US 12,321,781 B2
	Task scheduling for machine-learning workloads
Jue Wang, Redmond, WA (US); and Hui Huang, Palo Alto, CA (US)
Assigned to Google LLC, Mountain View, CA (US)
Filed by Google LLC, Mountain View, CA (US)
Filed on Dec. 29, 2022, as Appl. No. 18/091,263.
Application 18/091,263 is a continuation of application No. 16/720,717, filed on Dec. 19, 2019, granted, now 11,544,113.
Claims priority of provisional application 62/938,304, filed on Nov. 20, 2019.
Prior Publication US 2023/0136661 A1, May 4, 2023
This patent is subject to a terminal disclaimer.
Int. Cl. G06F 9/50 (2006.01); G06N 3/04 (2023.01); G06N 20/00 (2019.01); G06T 1/20 (2006.01)

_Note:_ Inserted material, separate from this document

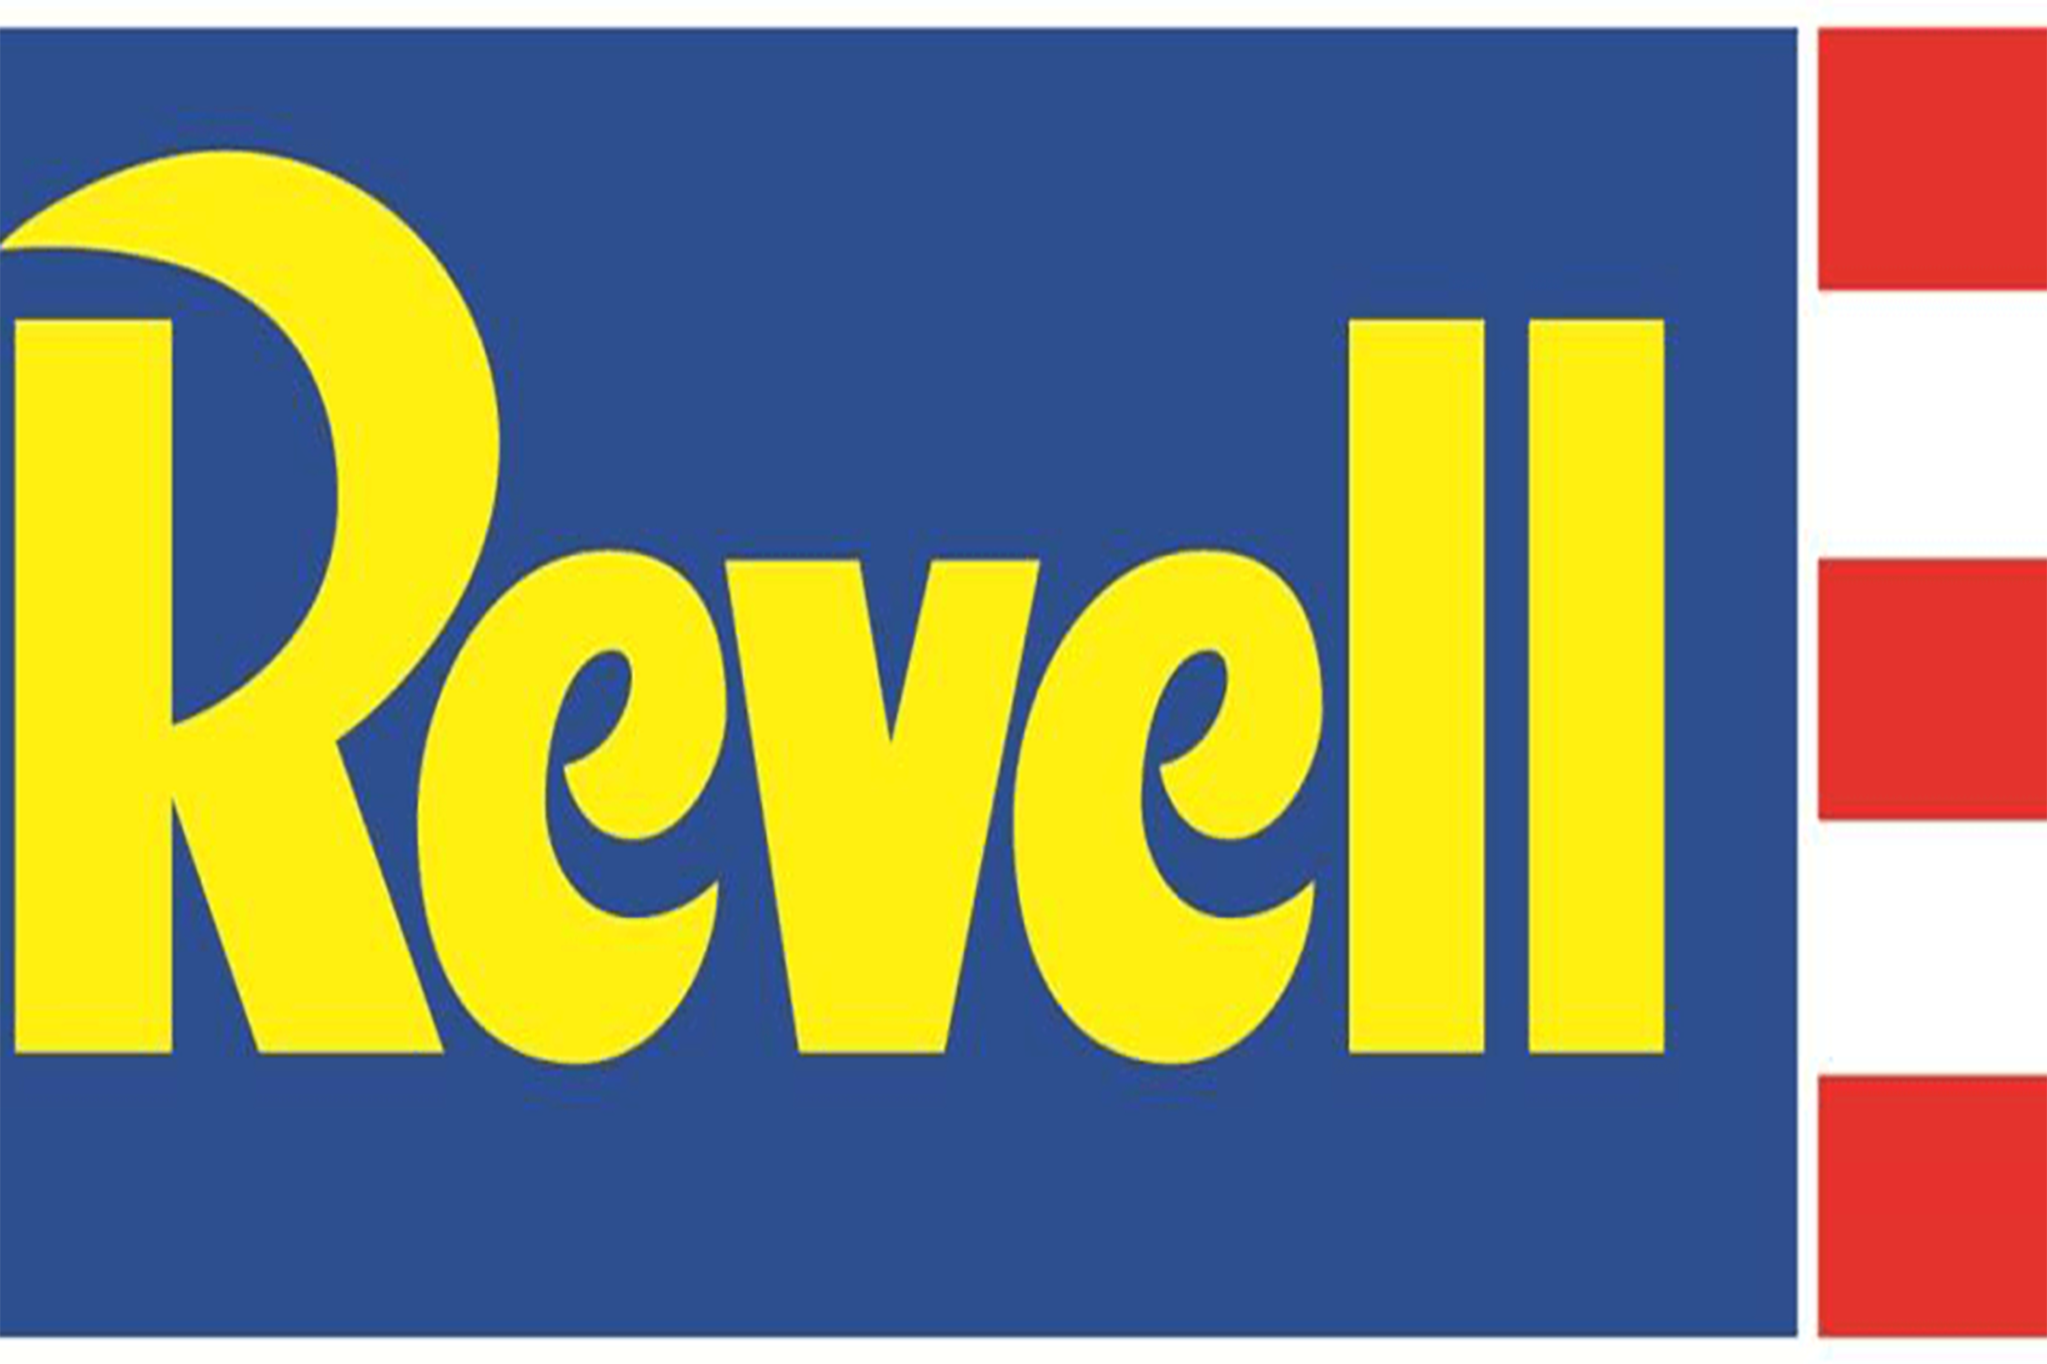 Revell verf voor modelbouw: acrylverf of enamel verf? Dit moet je weten! -  Modelbouwverf - Modelbouwverf.nl

CPC G06F 9/5011 (2013.01) [G06N 3/04 (2013.01); G06N 20/00 (2019.01); G06F 2212/2542 (2013.01); G06T 1/20 (2013.01)]

18 Claims

1. A method for scheduling tasks and allocating resources to perform a machine-learning (“ML”) workload using hardware accelerators that are each configured to implement a neural network comprising a plurality of neural network layers, the method comprising:

determining, based on a request to perform the ML workload, a resource requirement to perform the ML workload using a plurality of hosts;

generating, by a controller, a protocol bit indicating non-uniform memory access (NUMA) locality required for at least one task of the ML workload;

for each host of the plurality of hosts:

assigning, based on the protocol bit and a NUMA topology that includes NUMA nodes within the host, a task to be executed at the host using a plurality of hardware accelerators of the host; and

performing the ML workload by executing the task assigned to the host,

wherein the NUMA nodes include memory that is local to the host, the memory having a socket interface that couples the memory to each hardware accelerator of the plurality of hardware accelerators of the host and to a resource of the host, and wherein at least one NUMA topology specifies:

i) for a first host of the plurality of hosts, a first NUMA node that includes a first memory in a configuration of resources that is local to the first host, and

ii) a second, different memory in a configuration of resources that is local to a second, different host that is remote to the first NUMA node of the first host.